----- Data block -----

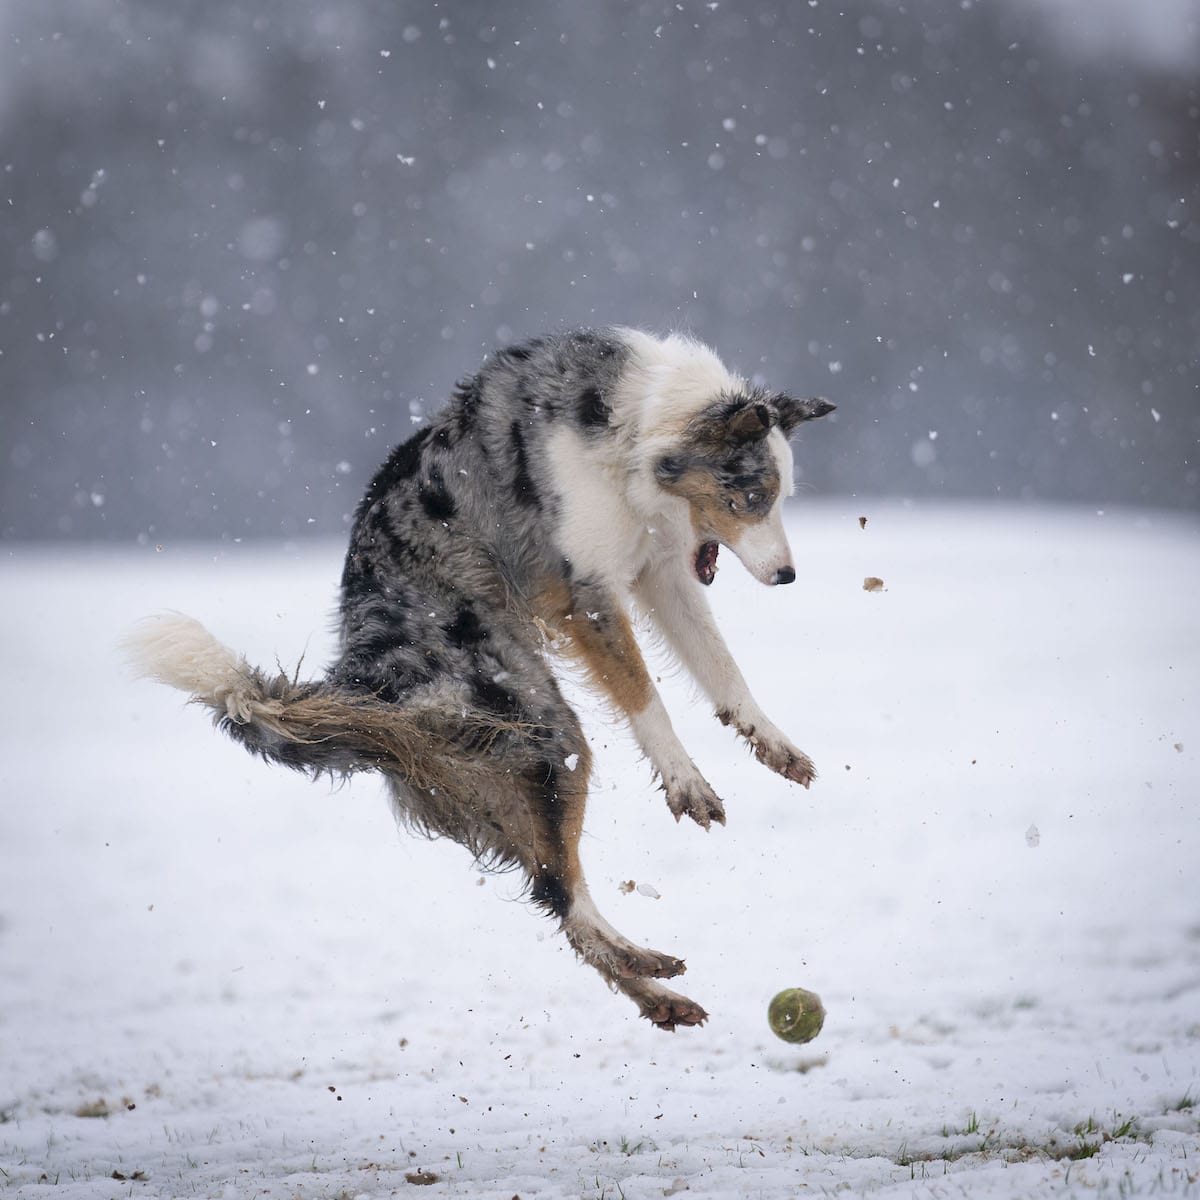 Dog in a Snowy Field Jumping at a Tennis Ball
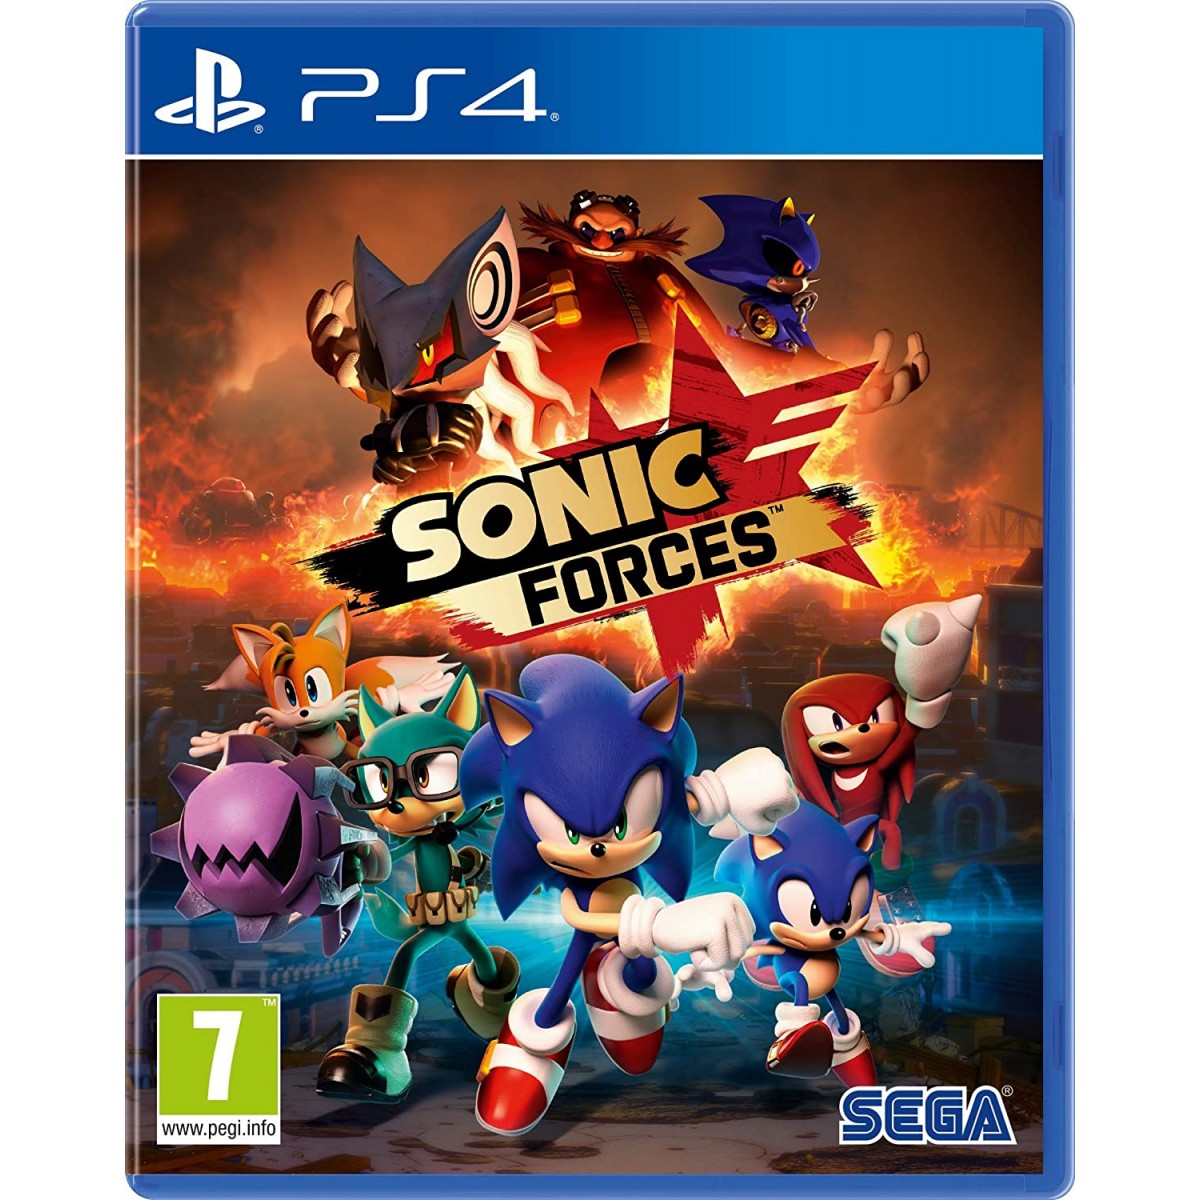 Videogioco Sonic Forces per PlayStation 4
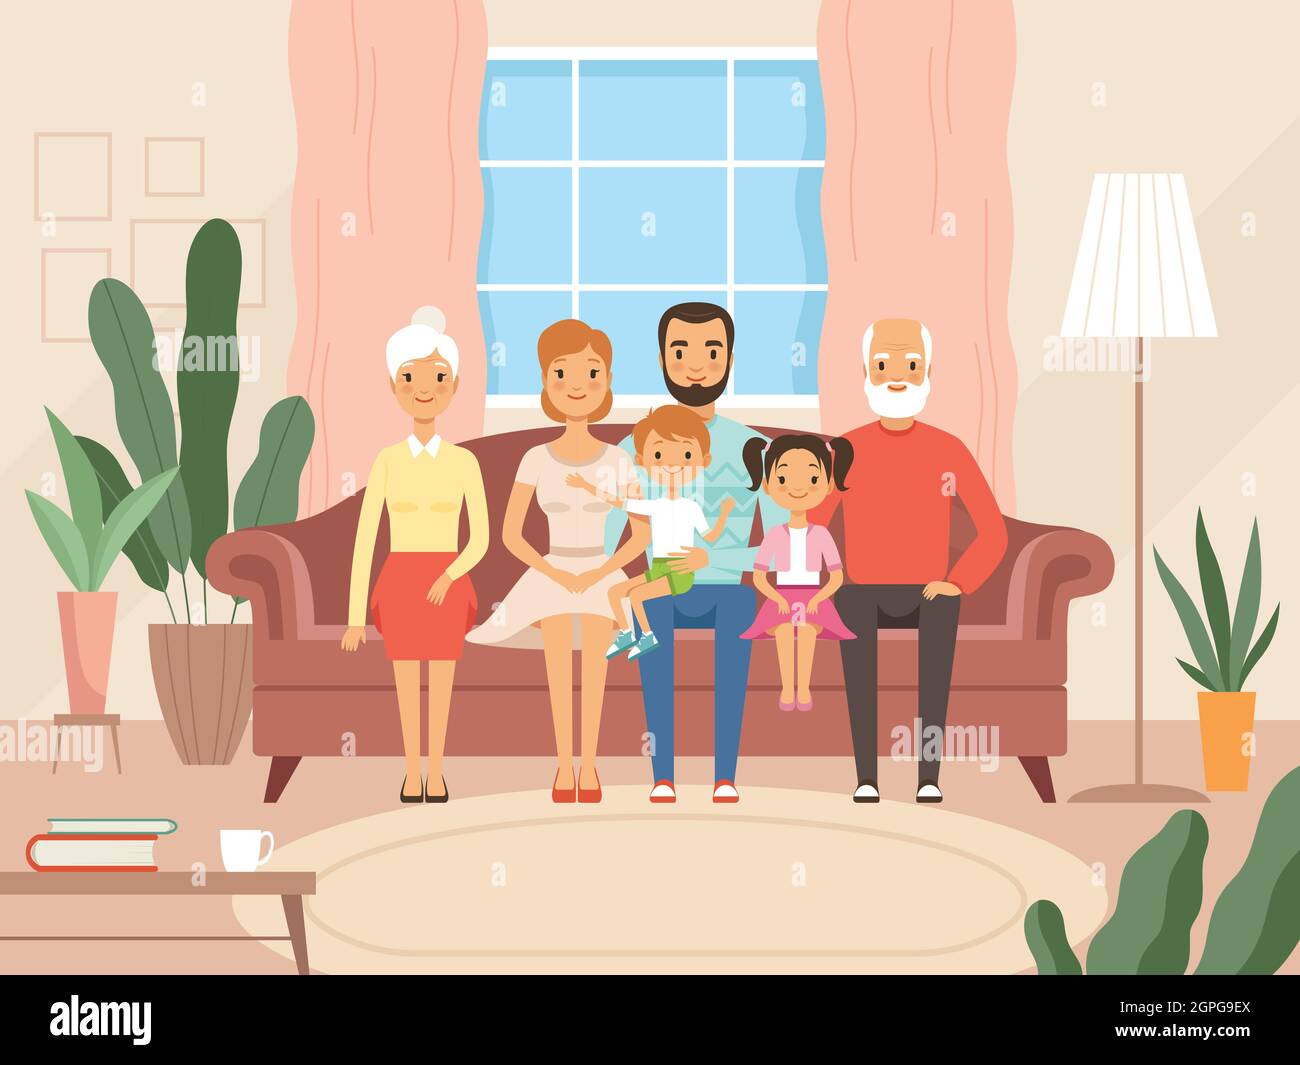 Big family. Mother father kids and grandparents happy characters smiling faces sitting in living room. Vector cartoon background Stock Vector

-----

Your task:
Give the data again exactly, image-free.

Exercise solution:
 Dog in a Snowy Field Jumping at a Tennis Ball
 Videogioco Sonic Forces per PlayStation 4
 Big family. Mother father kids and grandparents happy characters smiling faces sitting in living room. Vector cartoon background Stock Vector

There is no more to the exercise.